Stop smoking and prevent others from smoking
a. Once upon a time, puffing the smoke of death was fashionable (maybe from a lack of adequate knowledge?) but certainly in 2025, a healthy lifestyle is in vogue. If you do not smoke, why should you inhale smoke from others (passive smoking)?
Eat more fresh fruits and vegetables
a. In Ghana and other developing countries, we often want something that will fill our stomach and stay there for as long as possible. Why do you think “concrete” is so revered in this great land of ours? Start the day with a hefty dose and top it up with frequent gulps of water. We always come up with 1001 reasons why eating fruits could lead to instant “pocketitis” and may signal the beginning of a third world war in many homes. We love to get into unnecessary arguments about whether fruits should be eaten before or after meals etc., just eat them!
b. We probably should consider buying fruits when they are in season since they are much cheaper at the time
c. Kontomire, cassava leaves and garden eggs, are great vegetables that will not cost you an arm and a leg. You also have the option of cabbage, lettuce etc.

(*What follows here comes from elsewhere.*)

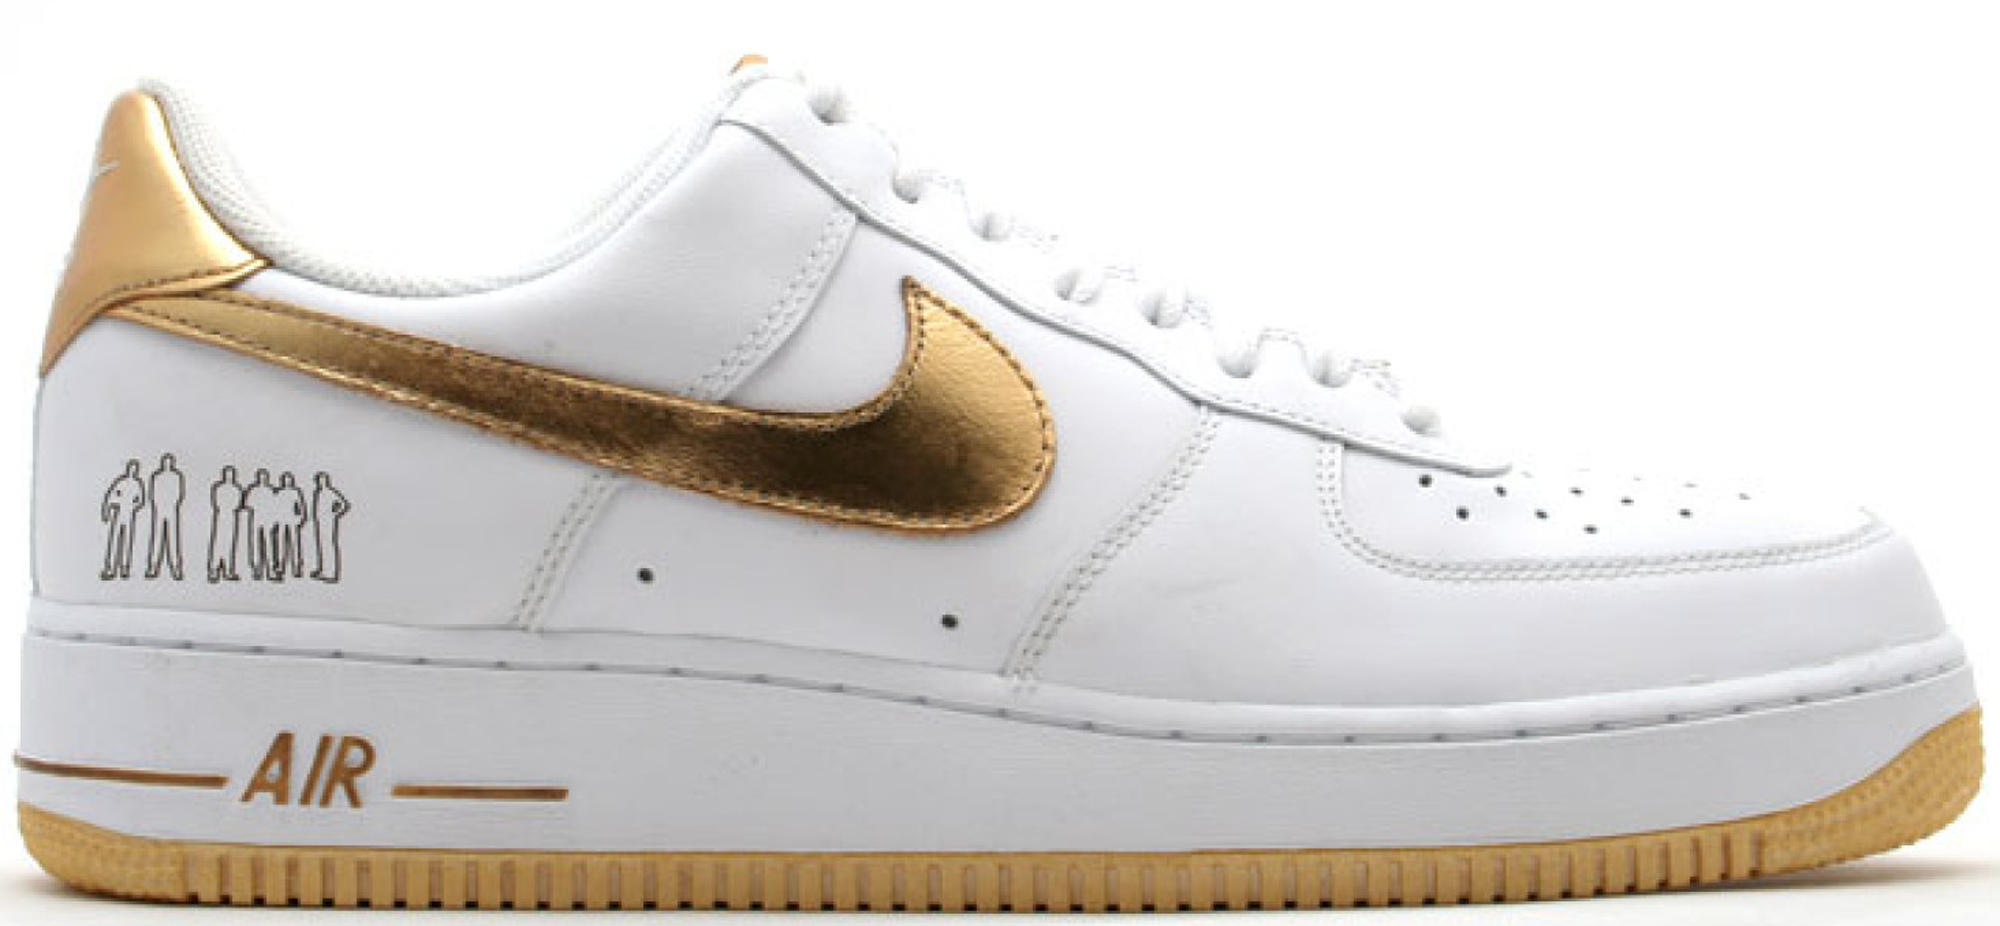 white and gold air force 1 low

d. The option of having a small garden is great but many of us do not have the luxury of space to do that.
Eat a healthy diet
a. LOW in saturated fats
i. Saturated fats can be found in animal products such as meat, milk, cheese and butter but be careful about plant products such as palm oil. Moderation is ALWAYS key.
b. LOW in refined carbohydrates
i. Our tongues have the power to make or unmake us – talking and eating are two examples of paths that can spell doom. We love sugar, perfumed rice (white), white flour, pasta (macaroni) and white bread and will make excuses to skip brown rice for instance.
c. LOW in salt
i.This is as simple as it is stated. Reduce the salt you put in food. Avoid adding salt to already cooked food. Flee from salted snacks and watch artificial flavouring.

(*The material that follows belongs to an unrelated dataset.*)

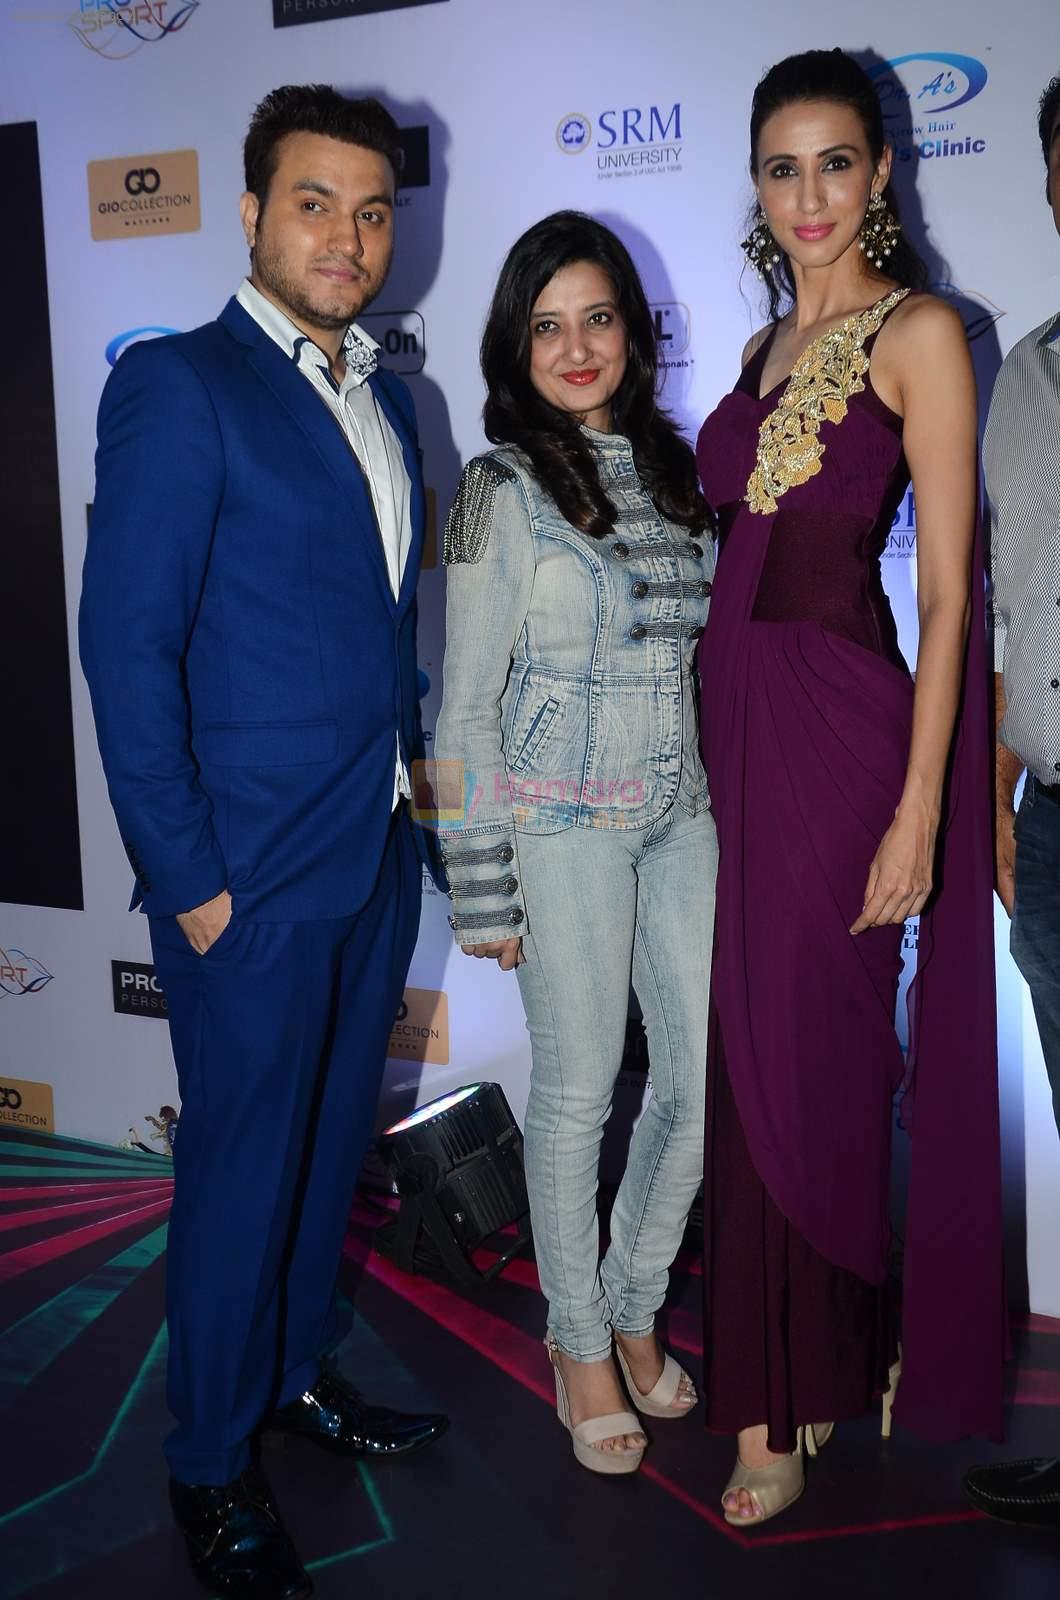 Alecia Raut at Mr India party in Royalty on 23rd July 2015

Increase levels of physical activity
a. This is no drill on exercising but sitting on the sofa all evening or sitting at your desk for hours on end has not yet produced a healthy being. Household chores, gardening, walking even if it means while on the phone, using the stairs instead of the elevator all add up. The more you move the better for you. Dear friend, moving the TV remote does not account for much but maybe if you could walk to the TV to change channels or make other modifications then you would be on the right path.

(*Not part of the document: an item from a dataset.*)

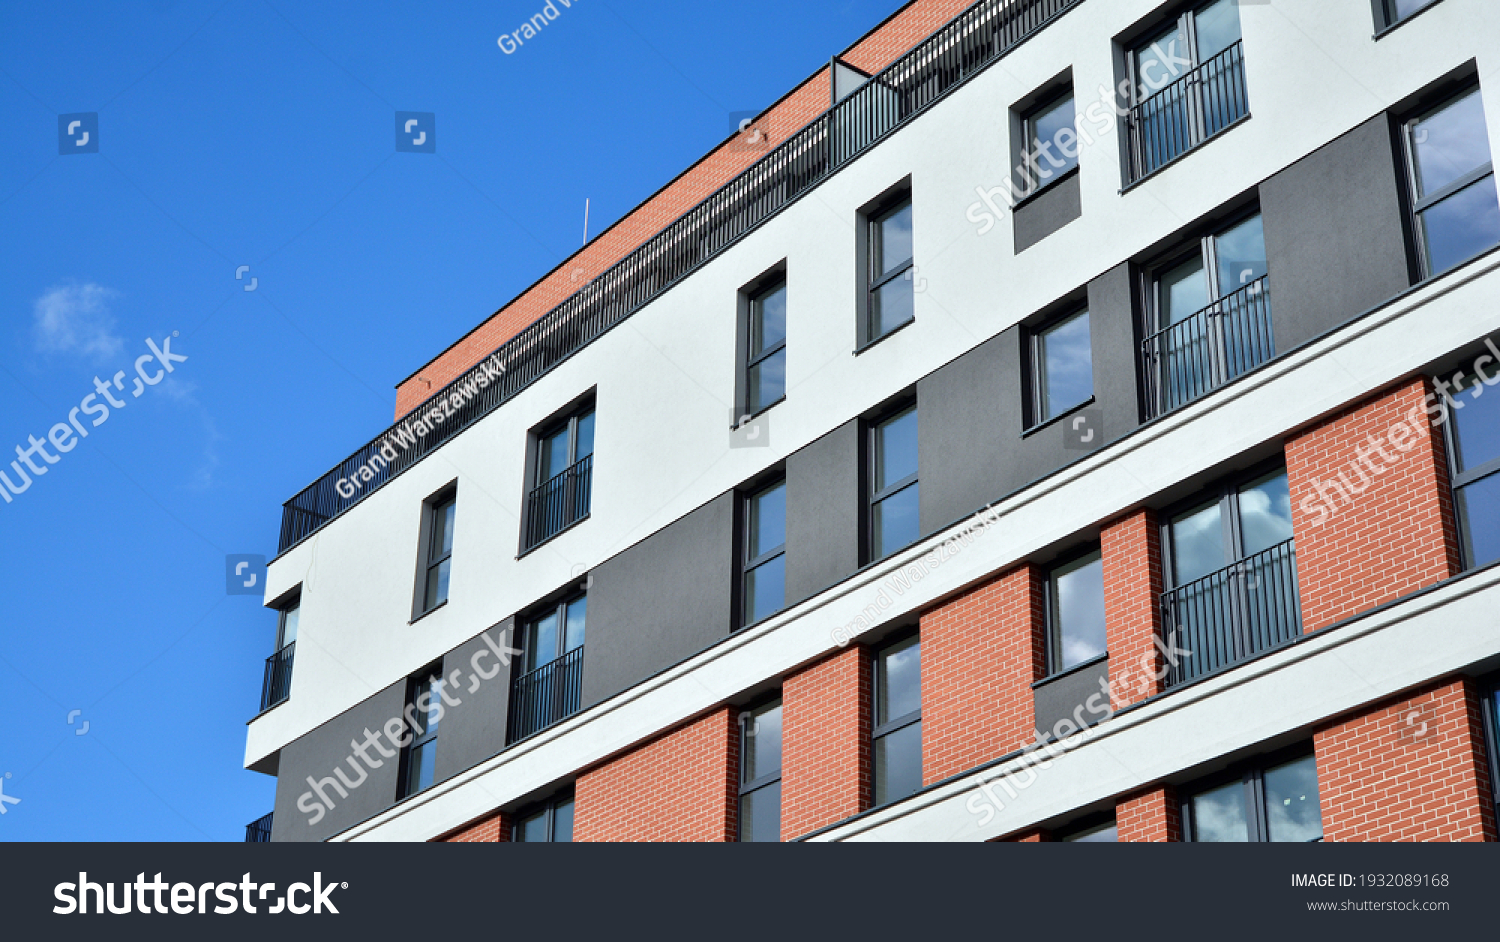 Cityscape with facade of a modern residential building. Modern European residential apartment building. #1932089168

Regular medical examinations to assess heart health
a. Beware of the modifiable risk factors for heart and blood vessels and check them often
i. Uncontrolled hypertension, uncontrolled diabetes, abnormal cholesterol, obesity, physical inactivity and smoking
ii. Get evaluated for sleep apnoea especially if your snore could bring the walls down
Manage Stress
• Check the quality and quantity (duration) of your sleep and rest
• Be happy
• Spend time with people who make you laugh and those who have positive vibes. The pessimists will drain your energy.
Changing these habits and behaviours is possible but we need to be committed. Whatever we are today is by the grace of God and the choices we made before today. Make healthy choices that will protect your heart, and it will continue to perform well for many years to come.
Today many people have died from a heart disease, and others have gained HEART HEALTH, which group would you rather join? Wouldn’t you spend quality time with family and friends for many years rather than being bedridden or spend precious endless hours in hospitals trying to fix our heart and blood vessels.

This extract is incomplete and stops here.